Tribunal Administratif de Montreuil — Décision N° TA93-2514784

lundi 15 septembre 2025

JuridictionTribunal Administratif de Montreuil
SectionTribunal Administratif de Montreuil
N° DossierTA93-2514784
TypeDécision
RecoursExcès de pouvoir
Avocat requérantCABINET TOMASI-DUMOULIN

Résumé IA

Le Tribunal administratif de Montreuil, statuant en référé sur le fondement de l’article L. 521-1 du code de justice administrative, a rejeté la requête de Mme B... tendant à la suspension de la décision implicite de rejet de sa demande de renouvellement de titre de séjour en qualité de conjointe de Français. Le juge a estimé que la condition d’urgence n’était pas établie, la requérante ne démontrant pas une atteinte suffisamment grave et immédiate à sa situation, malgré l’impossibilité temporaire de travailler et les difficultés administratives liées à la prise d’empreintes. La solution retenue écarte la fin de non-recevoir soulevée par le préfet, mais refuse la suspension faute d’urgence caractérisée.

Texte intégral

Vu la procédure suivante :

Par une requête enregistrée le 26 août 2025, Mme A... B..., représentée par Me Victor, demande au juge des référés, statuant sur le fondement des dispositions de l’article L. 521-1 du code de justice administrative :

1°) de suspendre l’exécution de la décision implicite par laquelle le préfet de la Seine-Saint-Denis a rejeté sa demande de renouvellement de titre de séjour en qualité de conjoint de français ;

2°) d’enjoindre au préfet de la Seine-Saint-Denis ou tout préfet territorialement compétent de lui délivrer une carte de séjour pluriannuelle à ce titre, dans un délai de sept jours à compter de la notification de l’ordonnance à intervenir sous astreinte de 50 euros par jour de retard ou, à défaut, de procéder dans le même délai et sous la même astreinte, au réexamen de sa situation et de lui délivrer, dans l’attente, une autorisation provisoire de séjour l’autorisant à travailler ;

3°) de mettre à la charge de l’Etat la somme de 2 000 euros au titre de l’article L.761-1 du code de justice administrative.
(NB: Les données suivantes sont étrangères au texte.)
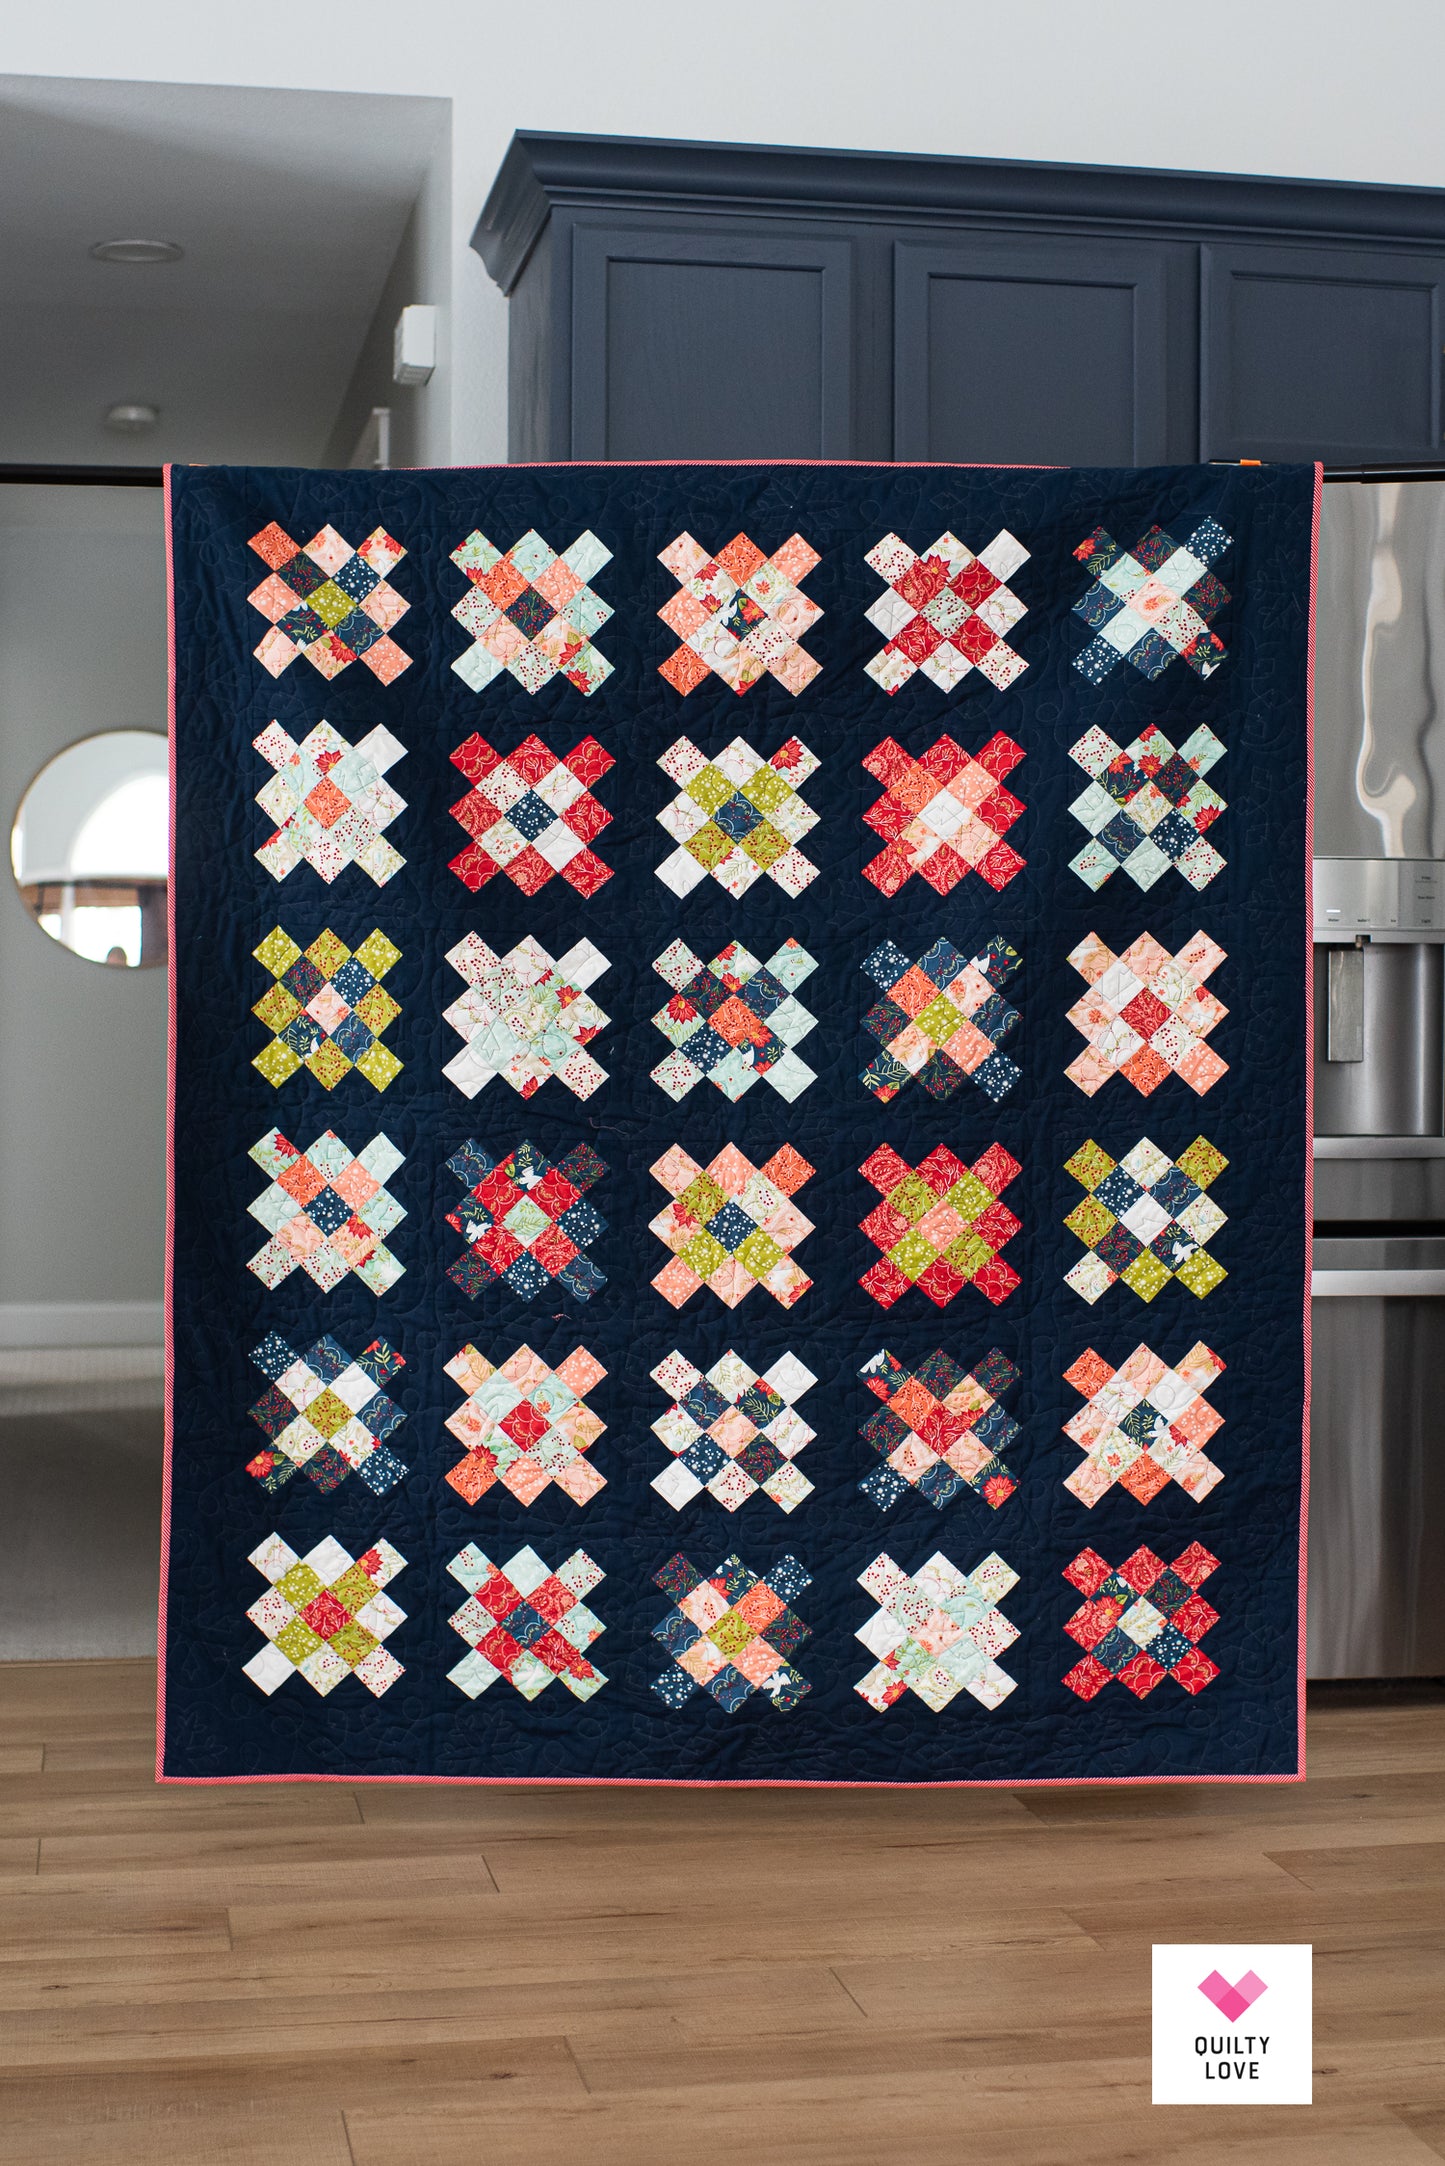 Scrappy Granny Squares Quilt - The Christmas One

Elle soutient qu’il existe un doute sérieux quant à la légalité de la décision attaquée, dès lors qu’elle a été prise par une autorité incompétente ; qu’elle méconnaît les articles L. 423-1, L. 423-3 et L. 433-1 du code de l’entrée et du séjour des étrangers et du droit d’asile ; qu’elle méconnaît l’article L. 423-23 du code de l’entrée et du séjour des étrangers et du droit d’asile ainsi que l’article 8 de la convention européenne de sauvegarde des droits de l’homme et des libertés fondamentales ; qu’elle est entachée d’une erreur manifeste d’appréciationd des conséquences sur sa situation personnelle.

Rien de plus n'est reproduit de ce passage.